The Democratic convention has exceeded the Republicans’ in terms of production values, featuring crisp videos highlighting Clinton’s attributes and Trump’s gaffes preceding speeches by people helped by Clinton and harmed by Trump. Particularly moving were the comments of the daughter of undocumented Mexican immigrants who feared her parents would be deported if Trump wins, the story of a young disabled woman who first met Clinton in 1993 and the testaments of the “Mothers of the Movement” who have lost children to gun violence.

It was also moving to see the genuine passion on the faces of Sanders’ acolytes, many of whom appear to be participating in the political system for the first time. Tears streamed down their faces at the realization that their man had gone all in for Clinton after losing to what he had until recently called a rigged process. It remains to be seen whether they will accept his argument that their best chance of enacting elements of their progressive platform is to get behind Clinton in the fall.
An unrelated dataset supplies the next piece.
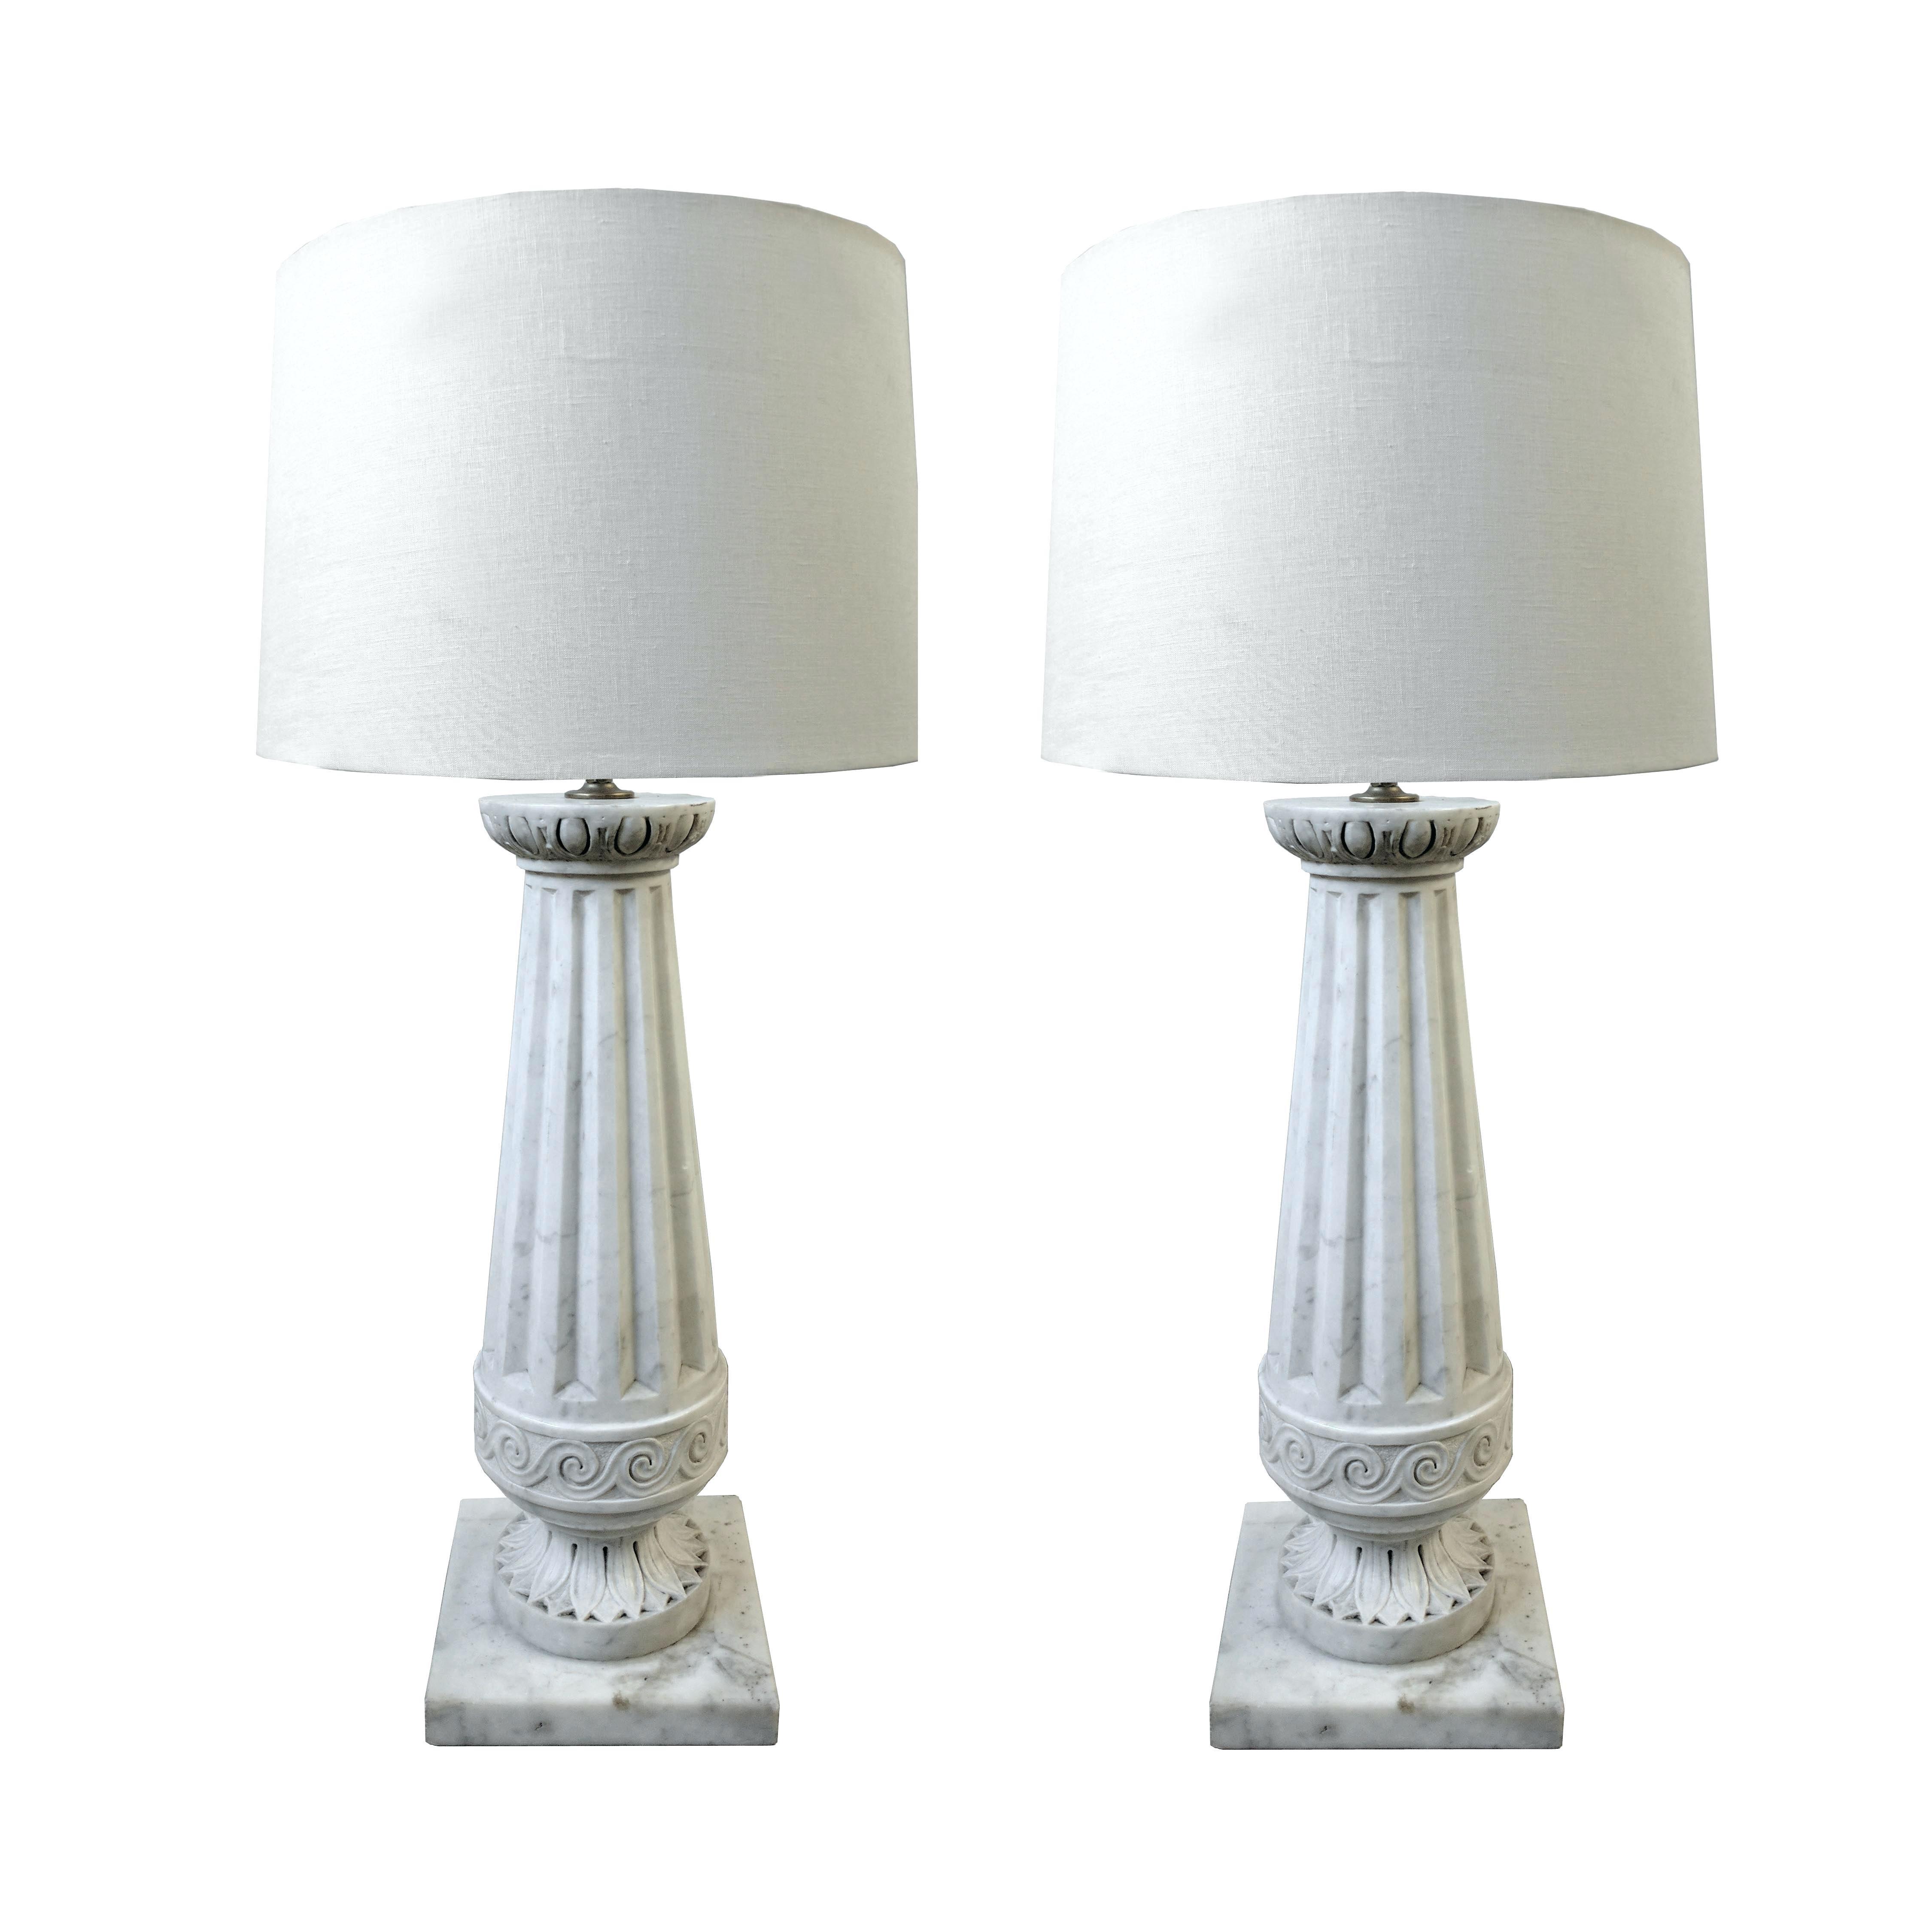 cheap glass hurricane vases of antique brass floor lamp beautiful ao3 210h vases hurricane lamp pertaining to antique brass floor lamp luxury lamps antique marble lamps antique marble glass floor lamp of antique

Trump, as usual, took to Twitter to disparage the Democrats and appeal to Sanders supporters by stressing his opposition to  trade agreements. He said Sanders looked “exhausted” and that former president Bill Clinton, who gave the ultimate testimonial to his wife’s career, was “highly overrated.”

In public appearances and interviews, the real estate tycoon and reality television star has continued to double down on controversial policies, including expanding a proposed ban on immigration to European allies such as France because of terrorism afflicting those nations.

The world is indeed a scary place as hideous new attacks on innocent civilians in France and Germany show. There is a global temptation to put up walls and support tough-sounding politicians who offer simplistic solutions.

The foreign visitors suggested that Americans, as citizens of the world’s biggest military power, have a special responsibility to carefully consider their choice for president because more than the stability of their own country is at stake.

“We have to find a third way between uncontrolled globalization and isolation,” Esther de Lange, vice president of the European People’s Party group in the European Parliament, told this analyst.

“The US voice is very important in the world for human rights and protecting democracy,” added Qatar’s ambassador to the United States, Mohammed Jaham Al Kuwari. “If it is weaker here, it will reflect itself in other parts of the world.”

Barbara Slavin is Acting Director of the Future of Iran Initiative at the Atlantic Council in Washington.